E intanto aspetto con ansia il num.3!

----------

## innovatel

 *codadilupo wrote:*   

> * ESEMPIO: dai, zion nel primo sembra una piccola comunità di 300/400 ribelli pseudo-anarchici, che lotta per la libertà: nel secondo é una megalopoli di discotecari, ma andiamo !  

 

se ricordi bene nel 2 morpheus dice : "da quando abbiamo neo negli ultimi 6 mesi abbiamo liberato più gente che in tutto il resto" (o simili. era quando stava aprlando della profezia)

ricordi?

----------

## codadilupo

 *innovatel wrote:*   

> se ricordi bene nel 2 morpheus dice : "da quando abbiamo neo negli ultimi 6 mesi abbiamo liberato più gente che in tutto il resto" (o simili. era quando stava aprlando della profezia)
> 
> ricordi?

 

si', va bene, pero' il rave party proprio non mi convince  :Wink:  !!!

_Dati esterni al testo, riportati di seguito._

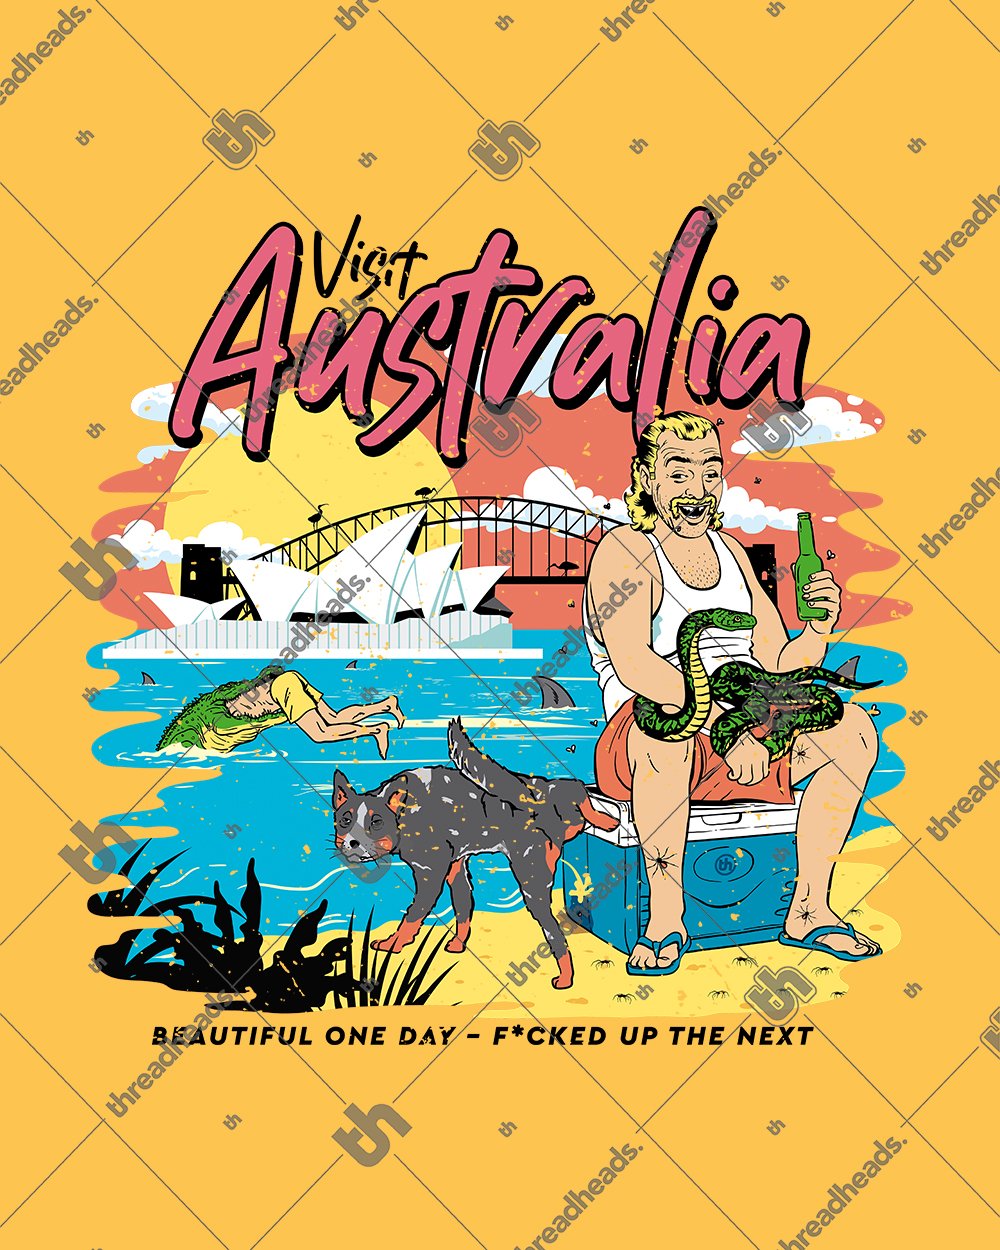 Visit Australia T-Shirt Australia Online #colour_yellow

E' un problema ermeneutico, il mio: o sei una masnada di liberatori, o sei una masnada di discotecari: non mi pare si sposino bene, le due cose  :Very Happy: 

Coda

----------

## Peach

In Matrix 4 si terrà il RAVE NATION con un DJ set ricco di Sequencer, DrumMachines e Mixer, 

un evento a cui pochi nn vorrebbero partecipare  :Laughing: 

----------

## koma

chi di voi dopo che rischia il culo tutto il giorno in cerca di ammazzare dei programmi dopo nn ha vogla di divertirsi un po'? Beh io andreia  ballare nn so voi  :Smile: 

----------

## innovatel

Pure io andrei a ballare. le mie notti tecno non  me le risparmio appena posso  :Very Happy: 

e poi scusa ... purea zion .... faranno ....  :Very Happy:  ... e si riproducono. E poi non hanno mai detto se il tempo a Zion è uguale a quello terrestre o delel navi ... magari è per quello che la popolazioneaumenta a dismisura  :Very Happy: 

ok, cavolata detta ... a lavurà  :Sad: 

 :Sad:  ho una windows form  che mi aspetta ... che palle  :Sad: 

----------

## micron

Io l'ho visto e devo dire che è proprio una storia matta!  :Very Happy: 

Non è sicuramente all'altezza del primo (che resta ovviamente il migliore), ma merita moolto di più del secondo (non che ci voglia molto  :Wink: ).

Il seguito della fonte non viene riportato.